For thin-walled spheres, the stress is uniform and equal in all directions. The formula is:

σ = (pr)/(2t)

This is half the hoop stress in a cylinder under the same conditions.

Combined Stress and Principal Stresses

In many real-world scenarios, components are subjected to multiple types of stresses simultaneously (e.g., bending and torsion). The combined stress state can be analyzed using stress transformation equations to determine the principal stresses and maximum shear stress.

Principal Stresses

The principal stresses (σ₁ and σ₂) are the maximum and minimum normal stresses acting on an element at a specific orientation where the shear stress is zero.

σ_1,2 = (σ_x + σ_y)/2 ± √[((σ_x - σ_y)/2)² + τ_xy²]

Where: σ_x and σ_y are the normal stresses in the x and y directions, respectively. τ_xy is the shear stress in the xy plane.

Maximum Shear Stress

τ_max = √[((σ_x - σ_y)/2)² + τ_xy²] = (σ₁ - σ₂)/2

Example

An element in a stressed body is subjected to the following stresses: σ_x = 100 MPa, σ_y = 50 MPa, and τ_xy = 25 MPa.

The principal stresses are:

σ_1,2 = (100 + 50)/2 ± √[((100 - 50)/2)² + 25²] = 75 ± √(625 + 625) = 75 ± 35.36 MPa

σ₁ ≈ 110.36 MPa

σ₂ ≈ 39.64 MPa

The maximum shear stress is: τ_max = (110.36 -

39.64)/2 ≈

35.36 MPa

When should principal stress formulas be applied in design?

Principal stress formulas are crucial for determining the maximum stresses within a component subjected to complex loading conditions. These maximum stress values are then used in failure criteria (e.g., Von Mises yield criterion, maximum shear stress criterion) to assess the component's safety and predict its potential for yielding or fracture. They are essential when combined loading is present or when analyzing stress concentrations.

Thermal Stress

Thermal stress arises when a material is subjected to a temperature change and is constrained from expanding or contracting freely.

Formula

σ = αEΔT

Where: σ = Thermal stress (typically in Pascals (Pa) or pounds per square inch (psi)) α = Coefficient of thermal expansion (a material property) (typically in 1/°C or 1/°F)

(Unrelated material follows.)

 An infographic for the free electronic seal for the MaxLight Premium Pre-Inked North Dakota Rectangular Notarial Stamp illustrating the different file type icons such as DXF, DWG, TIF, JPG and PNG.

E = Young's modulus (a material property) (typically in Pascals (Pa) or pounds per square inch (psi)) ΔT = Change in temperature (in °C or °F)

Example

A steel bar is heated from 20°C to 100°C and is constrained from expanding. The coefficient of thermal expansion for steel is 12 x 10⁻⁶ /°C, and Young's modulus is 200 GPa.

The thermal stress is: σ = (12 x 10⁻⁶ /°C)(200 x 10⁹ Pa)(100°C - 20°C) = 192 MPa (compressive).

This article provides a foundation for understanding essential stress formulas in engineering mechanics. Remember that these formulas are simplified representations of complex phenomena and may not be applicable in all situations. Always consider the assumptions and limitations of each formula and consult with experienced engineers for critical applications. Furthermore, software tools utilizing Finite Element Analysis (FEA) are invaluable for analyzing complex geometries and loading scenarios, providing accurate stress distributions where analytical solutions are insufficient. Always remember to define the formula before using it and properly report units with final answers.